Des services en péril

Une trentaine de lits vont être supprimés au sein du service psychiatrique du Centre hospitalier de Niort en octobre 2021. Bruno Fauconnier, le directeur de l’hôpital préfère le terme de "gel" car il l’assure, cette solution est "temporaire". Mais ce jusqu’à une durée encore "indéterminée", explique-t-il à France Bleu. À Niort, impossible de recruter du personnel au service psychiatrique, même si la volonté était là. Le directeur préfère fermer 30 des 130 lits dédiés plutôt que de mobiliser un personnel déjà très sollicité. Pourtant, selon La Nouvelle République, personne ne voulait de ces fermetures de lits, que ce soit le personnel soignant ou les psychiatres.

Les difficultés de recrutement sont bien réelles. Pour le délégué Force Ouvrière, Christophe Grimault, il n’y avait tout simplement "pas de candidatures". La situation est telle que le directeur du CH de Niort a même tenté de ne pas suspendre les personnels n’étant pas vaccinés avant d’y être obligé. Mais si le manque d’attractivité de la préfecture des Deux-Sèvres est évoqué pour expliquer ces difficultés, la situation des services psychiatriques niortais illustre une problématique nationale.

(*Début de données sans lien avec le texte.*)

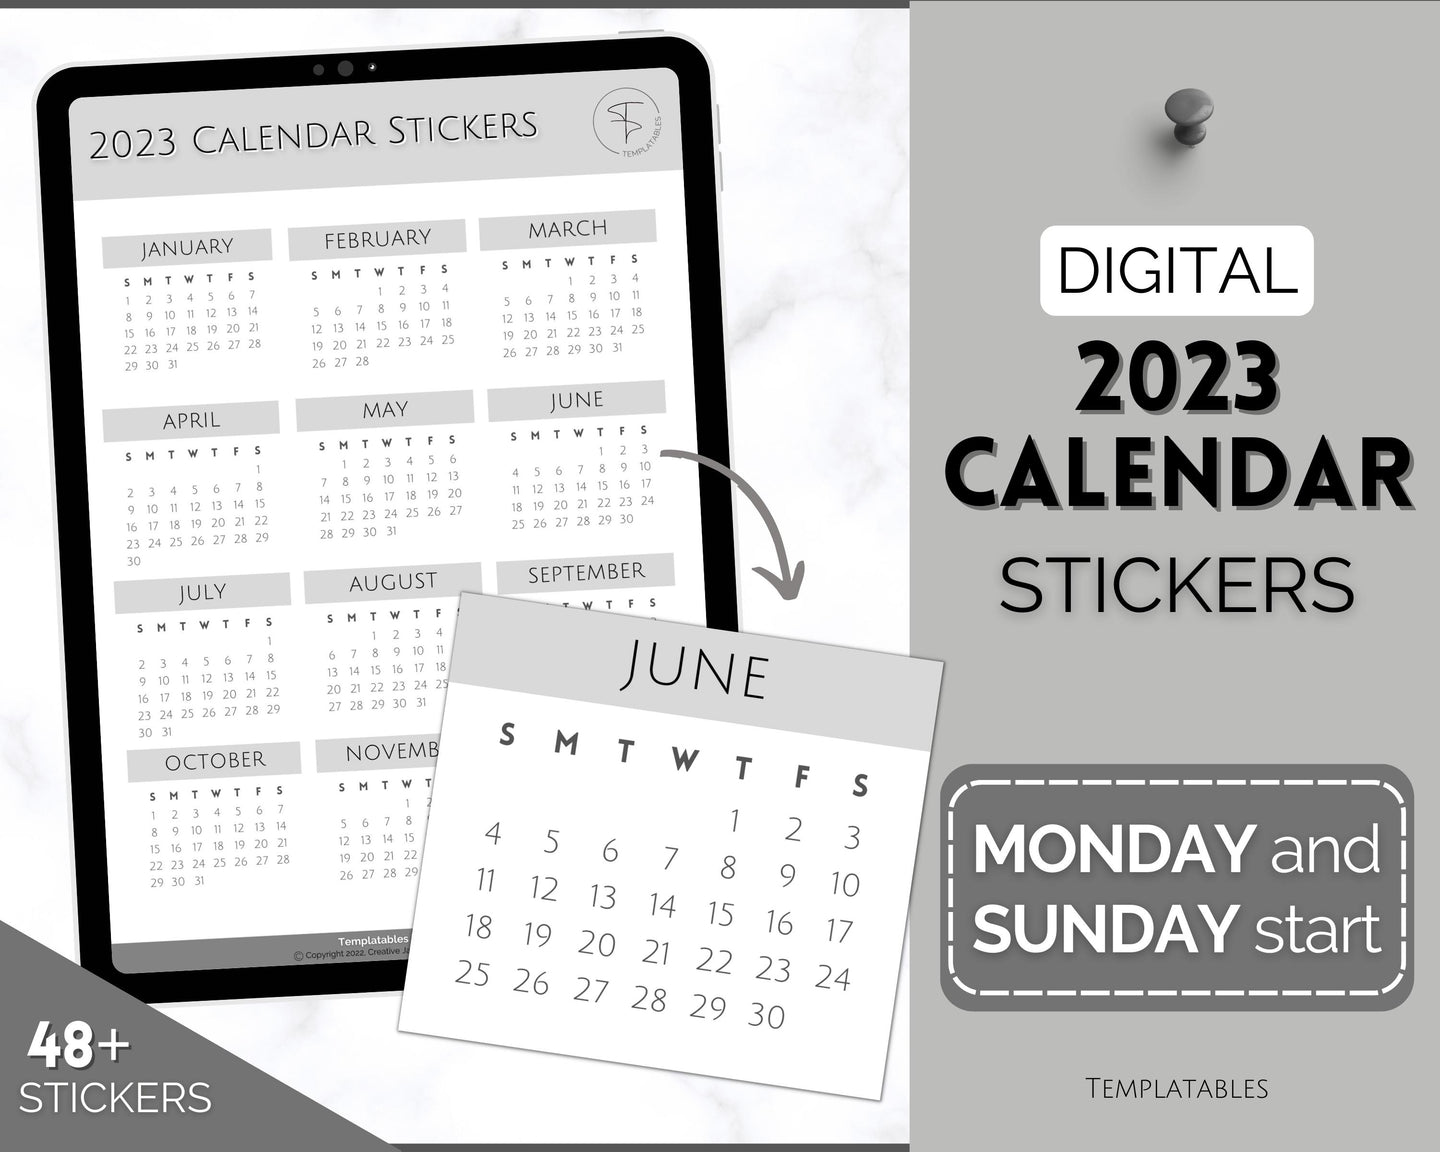 2023 Digital Calendar Stickers for iPad | GoodNotes & Notability Sticky Notes, Mini Calendar Digital Planner Stickers, Transparent PNGs | Mono

"C’est une spécialité en crise en France. Des lits et des services ferment partout sur le territoire", constate Alain Fouquet délégué CGT à Thouars. Difficile de lui donner tort. Entre 1990 et 2016, le nombre de lits pour 100 000 habitants a baissé de moitié. Dans ce contexte, chaque campagne de recrutement est largement communiquée par les établissements eux-mêmes. À l’hôpital Henri Laborit de Poitiers, Sébastien Pinault de la CGT préfère relativiser les embauches de son établissement. "Certes, ils arrivent à recruter à Poitiers, mais il y a beaucoup de départs, relève-t-il. Avant les gens restaient, maintenant, ils partent parce qu’ils n’en peuvent plus." De manière générale, les départs à la retraite sont de plus en plus durs à remplacer : la psychiatrie n’attire pas.

Une crise des vocations

Dans les facultés de médecine, très peu d’étudiants choisissent la psychiatrie, ou alors par défaut. Un délaissement lié à la mauvaise image d’une spécialité souffrant encore de nombreux préjugés. "Aujourd’hui, on me dit souvent que je ne suis pas vraiment médecin", raconte au Monde, Matthieu Guillaume qui s’est orienté dans la psychiatrie par choix. Pour attirer, à Niort, le directeur de l’hôpital Bruno Fauconnier a mis en place des bourses pour les étudiants qui choisiraient la psychiatrie. Malgré ce genre d’initiatives, les internes manquent tout de même. Jusqu’en 2012, en moyenne 4 % des postes d’internes étaient non pourvus. En 2019, ce sont 17 % des offres qui n’ont pas trouvé preneur et 11 % en 2020.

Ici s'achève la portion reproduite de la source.